ℕʘʘ*_*ḆḽḘ 6 r apache-spark apache-spark-ml sparklyr
请考虑以下示例
dtrain <- data_frame(text = c("Chinese Beijing Chinese",
"Chinese Chinese Shanghai",
"Chinese Macao",
"Tokyo Japan Chinese"),
doc_id = 1:4,
class = c(1, 1, 1, 0))
dtrain_spark <- copy_to(sc, dtrain, overwrite = TRUE)
> dtrain_spark
# Source: table<dtrain> [?? x 3]
# Database: spark_connection
text doc_id class
<chr> <int> <dbl>
1 Chinese Beijing Chinese 1 1
2 Chinese Chinese Shanghai 2 1
3 Chinese Macao 3 1
4 Tokyo Japan Chinese 4 0
Run Code Online (Sandbox Code Playgroud)
在这里,我有经典的Naive Bayes示例,class用于识别属于该China类别的文档.

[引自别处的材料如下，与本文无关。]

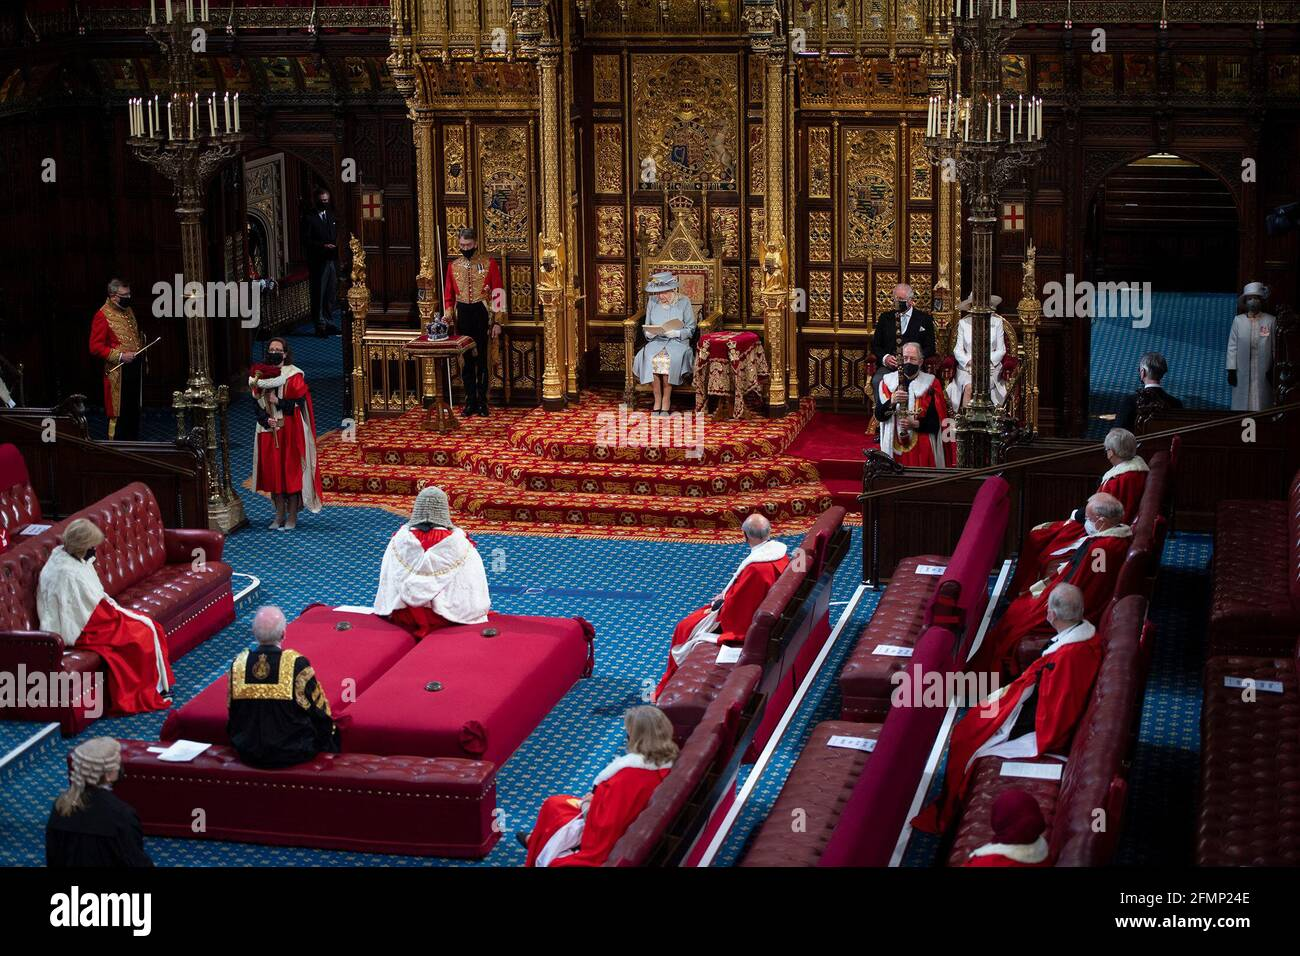 La regina Elisabetta II ha pronunciato un discorso dal trono in House of Lords al Palace of Westminster di Londra mentre descrive il programma legislativo del governo per la prossima sessione durante l'apertura di Stato del Parlamento. Data immagine: Martedì 11 maggio 2021. Foto Stock

我可以sparklyr通过执行以下操作来运行Naives Bayes分类器:
dtrain_spark %>%
ft_tokenizer(input.col = "text", output.col = "tokens") %>%
ft_count_vectorizer(input_col = 'tokens', output_col = 'myvocab') %>%
select(myvocab, class) %>%
ml_naive_bayes( label_col = "class",
features_col = "myvocab",
prediction_col = "pcol",
probability_col = "prcol",
raw_prediction_col = "rpcol",
model_type = "multinomial",
smoothing = 0.6,
thresholds = c(0.2, 0.4))
Run Code Online (Sandbox Code Playgroud)
哪个输出:
NaiveBayesModel (Transformer)
<naive_bayes_5e946aec597e>
(Parameters -- Column Names)
features_col: myvocab
label_col: class
prediction_col: pcol
probability_col: prcol
raw_prediction_col: rpcol
(Transformer Info)
num_classes: int 2
num_features: int 6
pi: num [1:2] -1.179 -0.368
theta: num [1:2, 1:6] -1.417 -0.728 -2.398 -1.981 -2.398 ...
thresholds: num [1:2] 0.2 0.4
Run Code Online (Sandbox Code Playgroud)
但是,我有两个主要问题:
如何在样本中评估此分类器的性能?准确度指标在哪里?
更重要的是,我如何使用这种经过训练的模型来预测新值,例如,在下面的spark测试数据框中?
测试数据:
dtest <- data_frame(text = c("Chinese Chinese Chinese Tokyo Japan",
"random stuff"))
dtest_spark <- copy_to(sc, dtest, overwrite = TRUE)
> dtest_spark
# Source: table<dtest> [?? x 1]
# Database: spark_connection
text
<chr>
1 Chinese Chinese Chinese Tokyo Japan
2 random stuff
Run Code Online (Sandbox Code Playgroud)
谢谢!
如何在样本中评估此分类器的性能?准确度指标在哪里?
通常(有一些模型提供某种形式的摘要),对训练数据集的评估是Apache Spark中的一个单独步骤.这非常适合原生PipelineAPI.
背景:
Spark ML Pipelines主要由两种类型的对象构建:
Transformers- 提供transform方法的对象,映射DataFrame到更新DataFrame.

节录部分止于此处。